I was debating whether or not to knock around the job quote with the guys out there, when I heard several first-hand stories about Vengeance (I'm about an hour and a half away). One guy with a C5 Z06 had a crate motor put in and was hassled to no end, and my good buddy with an 02 Camaro SS was hawked a cam and heads set that would have definitely resulted in ptv clearance issues.

If you're just buying a cam from them, then I say go for it, the VRX7 is a solid cam, prett big that'll require a good tune, and as long as you're getting the right springs (I'd hope you're going with dual springs) and there's no clearance issues- I can't say much to piston-to-valve clearance on these setups- that cam/heads setup looks great. I'll allow others to add their input in regard to compatibility, though.

Will you be doing the install yourself? I'm hoping to do my own cam this summer.


Also, I don't know anything about the hellion cam, it looks to be a similar to the VRX7 except bigger on the exhaust lift. An even cam, not the split like the VRX7. With those heads, though, that split would probably be pretty good. Do you have headers?

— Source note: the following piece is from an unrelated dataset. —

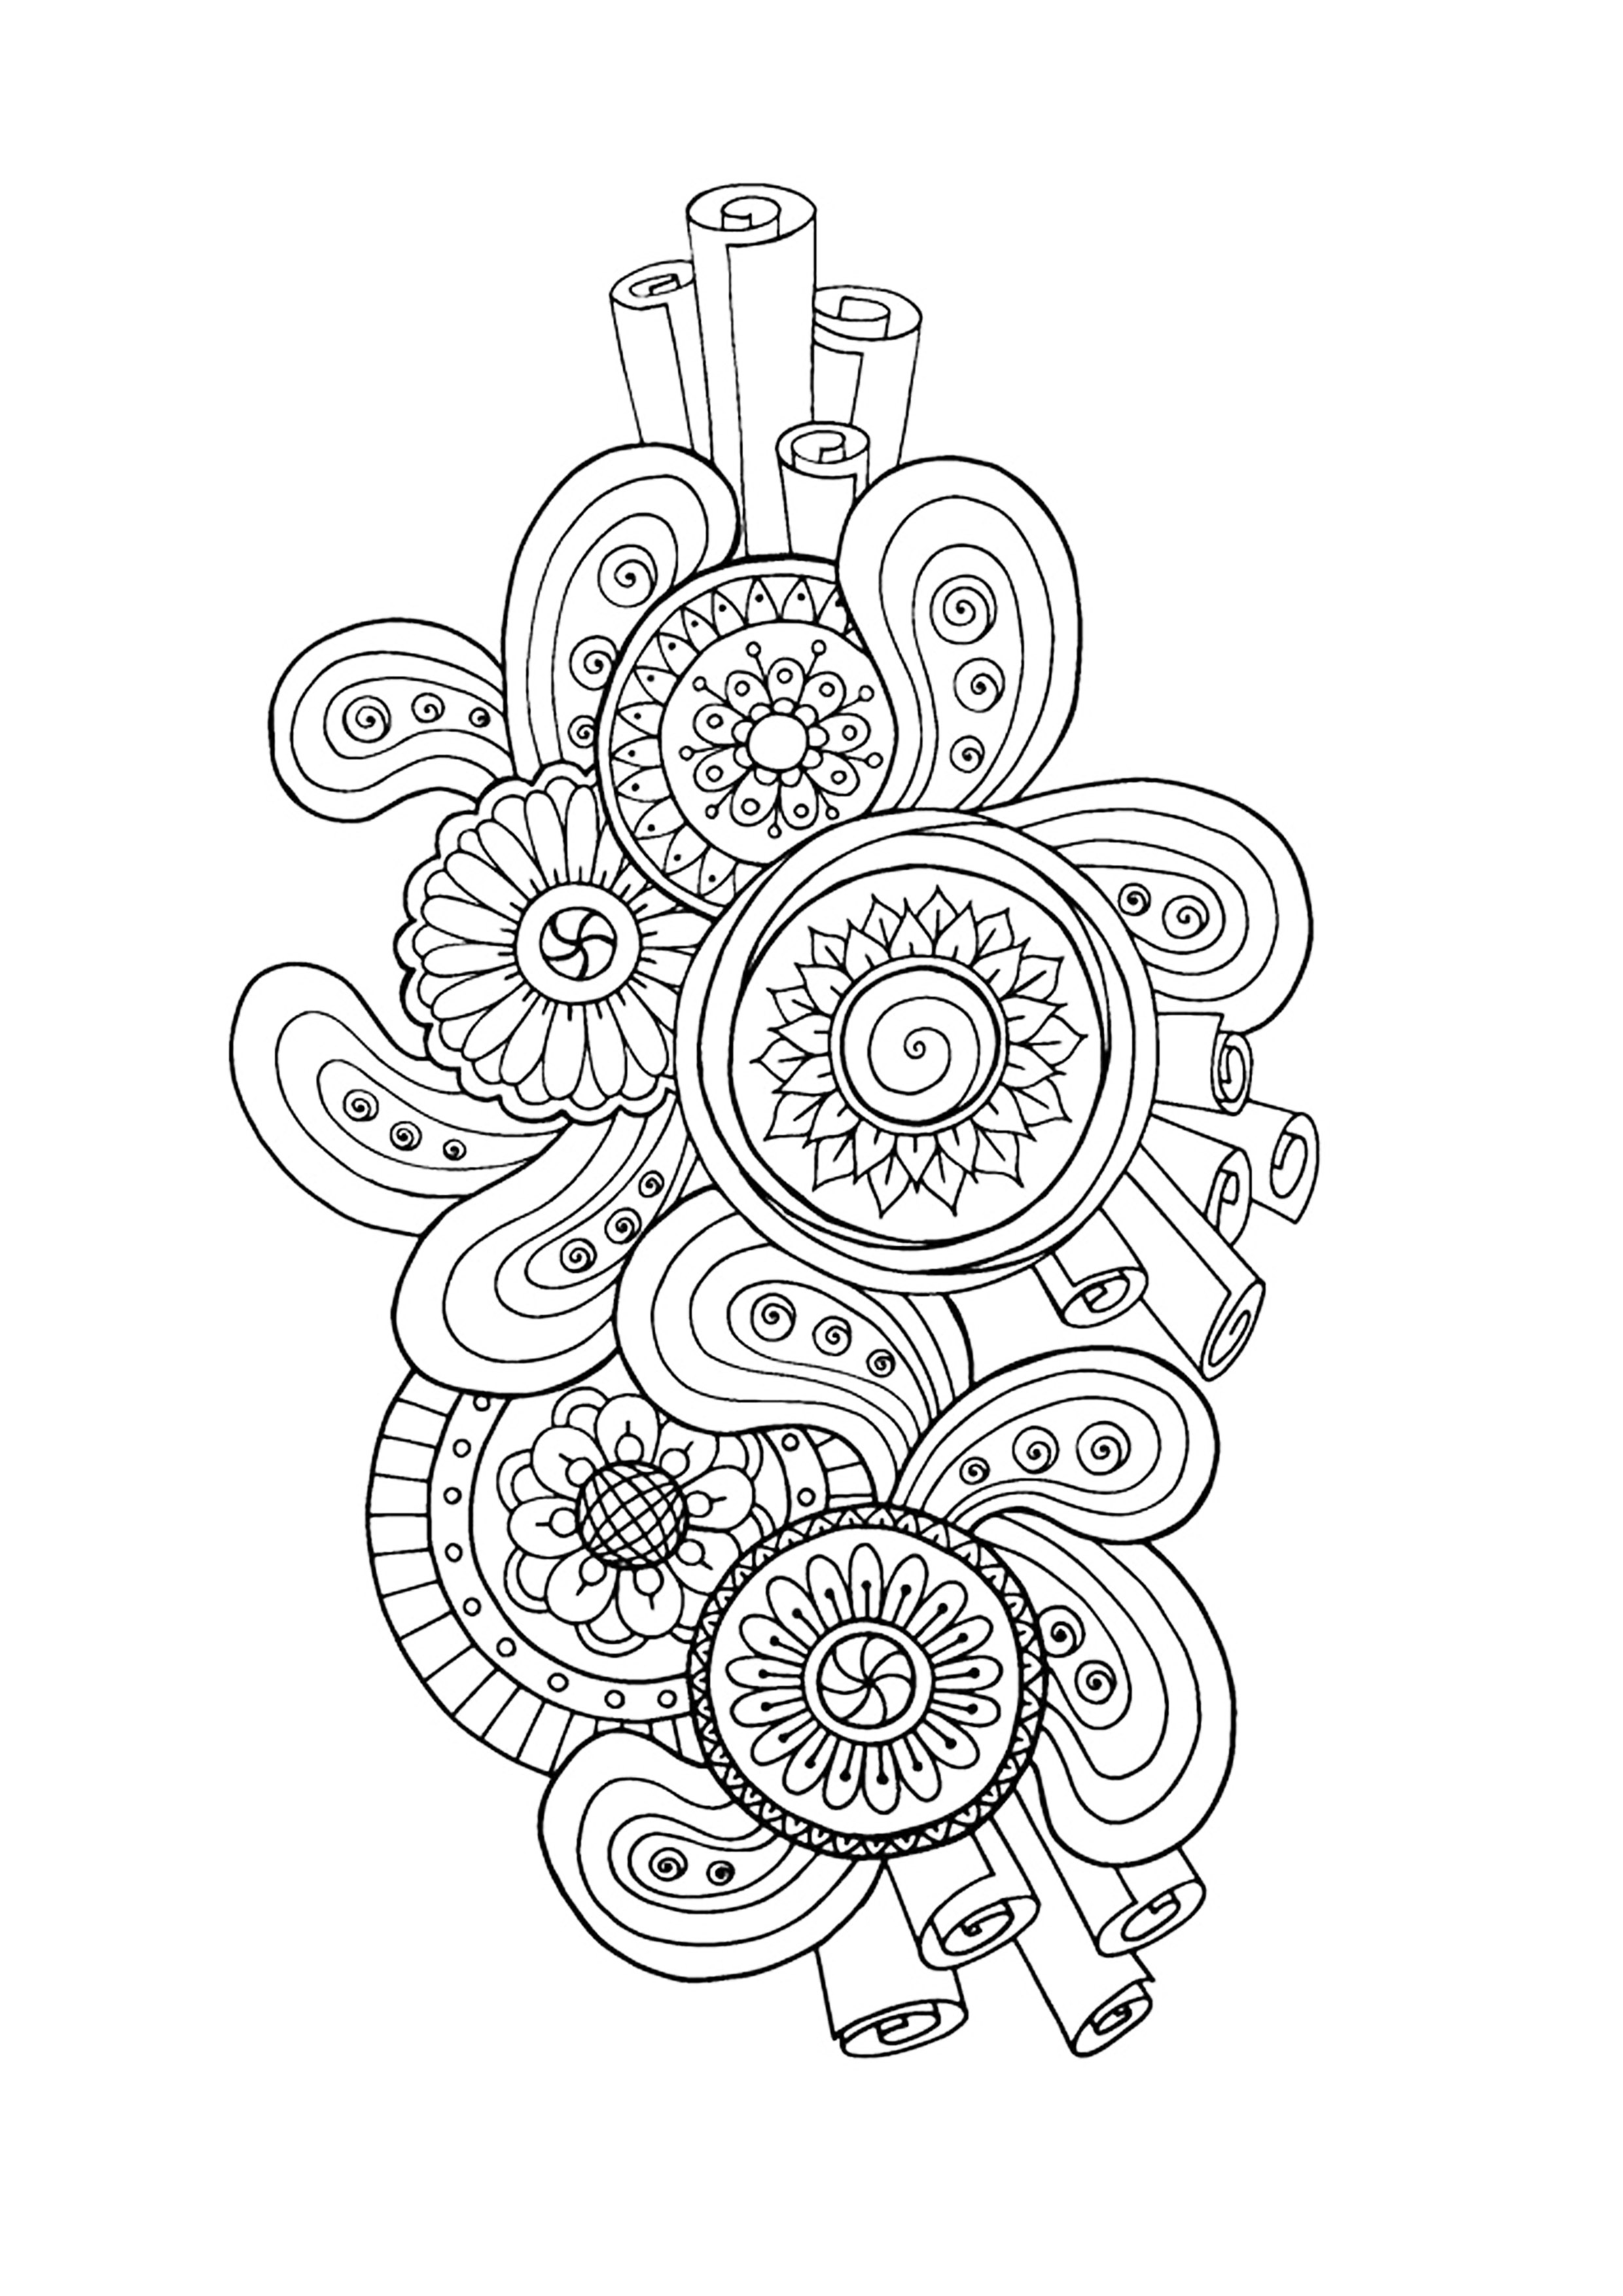 Download Zen antistress abstract pattern inspired - Anti stress Adult Coloring Pages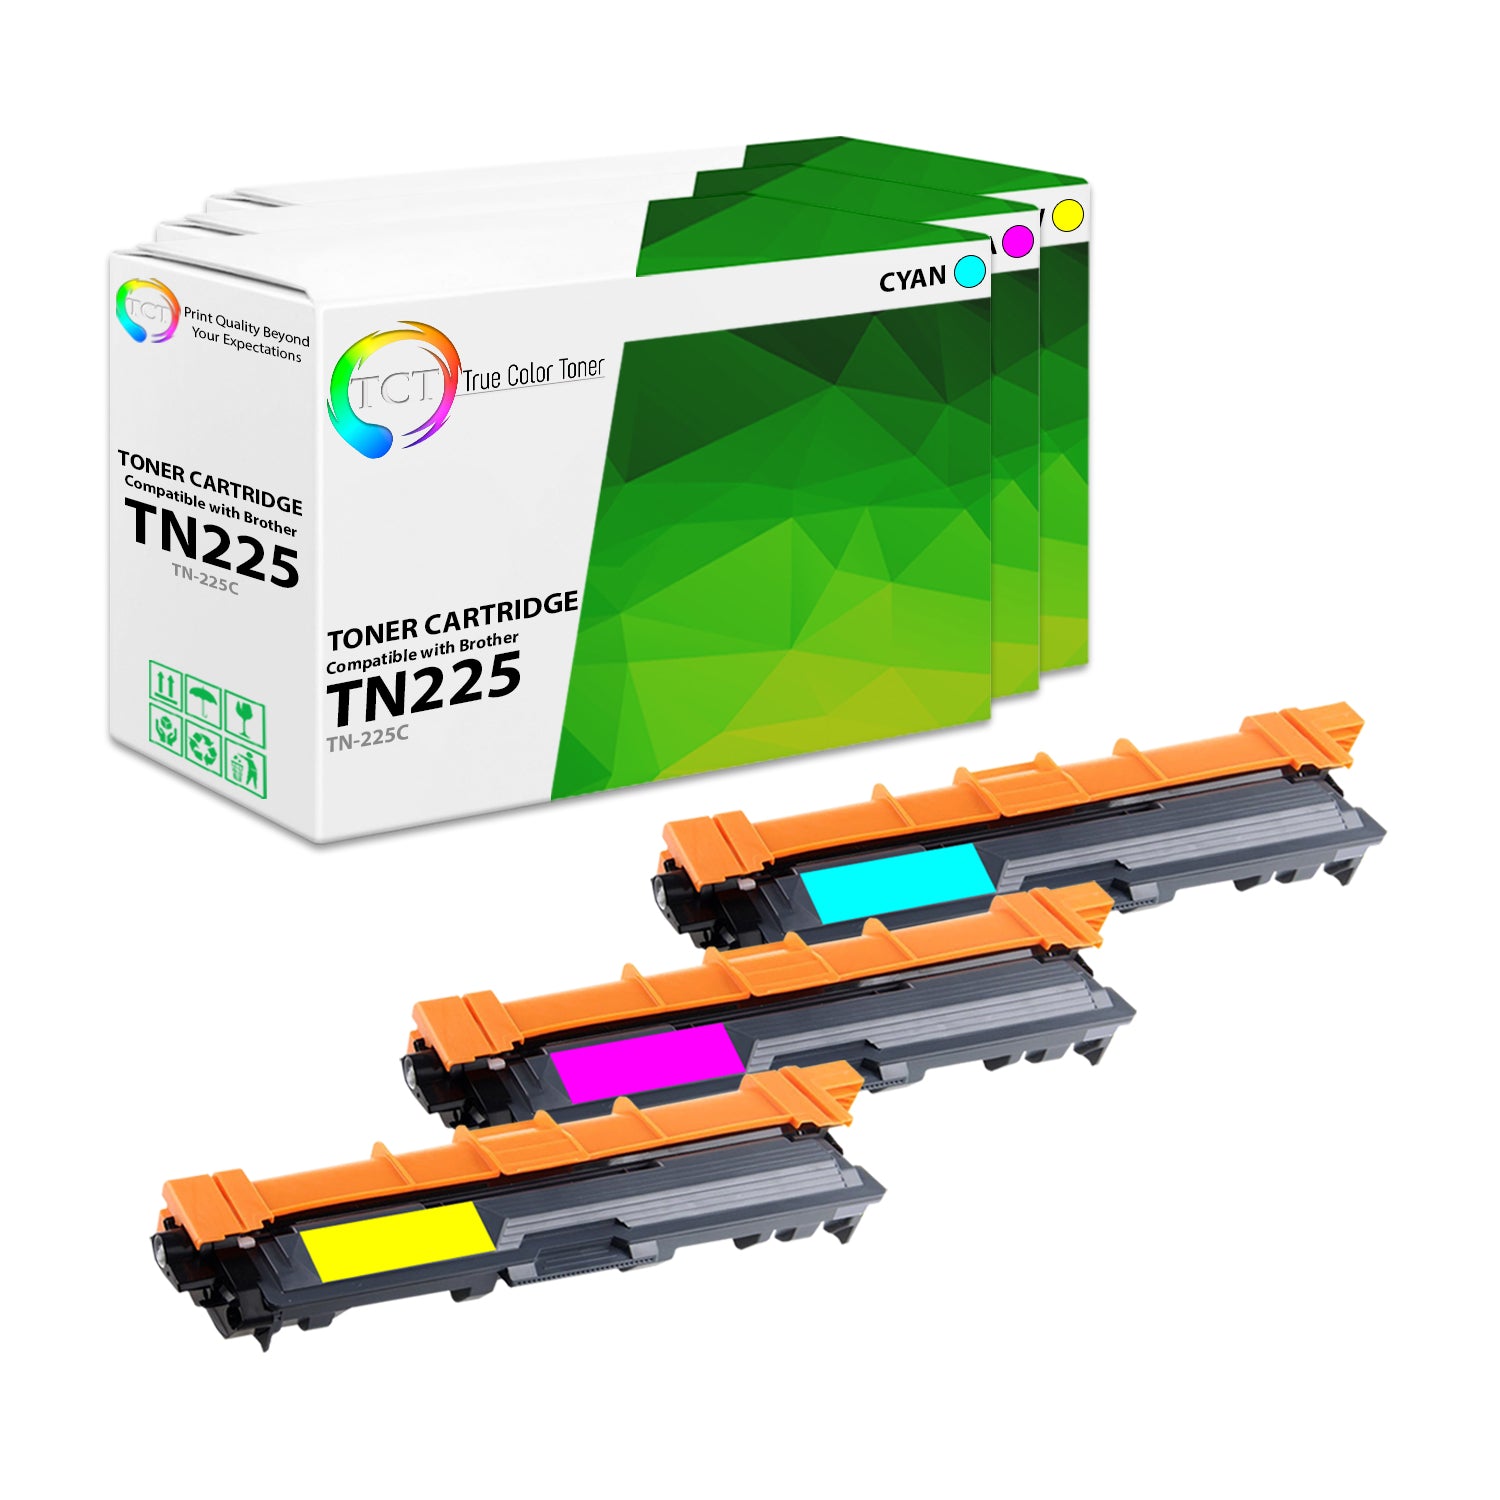 TCT Compatible HY Toner Cartridge Replacement for the Brother TN225 Series - 3 Pack (C, M, Y)

**I'm fairly new to valvetrains. Take what I say with a grain of salt, I'm sure there's guys around that know way more around here.**


----------



## Rauq (Jul 19, 2010)

If you're in Austin, give Texas Speed & Performance a call. My friend with the Camaro SS called them and they walked him all the way through the setup that he has now. It's pretty sick, the guys out there were a huge help.


----------



## DementedSix0 (Oct 13, 2010)

Yeah 490 seems high to me also. I have heard just a few things about Vengeance nothing bad. I would definitely get dual springs and im not sure if im going todo myself yet or not. I was also shooting for the summer if i can get the money. I have jba shorties i plan to get LTs soon K&N intake, Underdrive pulley,160 tsat,pedders springs shocks and bushing o and Slp loundmouths. 
Yeah i have been looking that Texas Speed alot too i always here lots of good things about them at car meets and I have seem a few TAs and Camaros with there cams(always pretty badass) cars


----------



## Rauq (Jul 19, 2010)

Yeah I'd definitely give them a call, another opinion is always a good thing. I'm probably going with them for my work over the summer.


----------



## DementedSix0 (Oct 13, 2010)

Yeah man definitely. Good luck with your cam swap


----------



## AlaGreyGoat (Jul 6, 2006)

Almost 150 rwhp for a head/cam package sound very high to me.
Maybe the supporting bolt ons include a Maggie??

Larry


----------



## DementedSix0 (Oct 13, 2010)

Yeah somthing like that...haha Thats just what they're claiming.


----------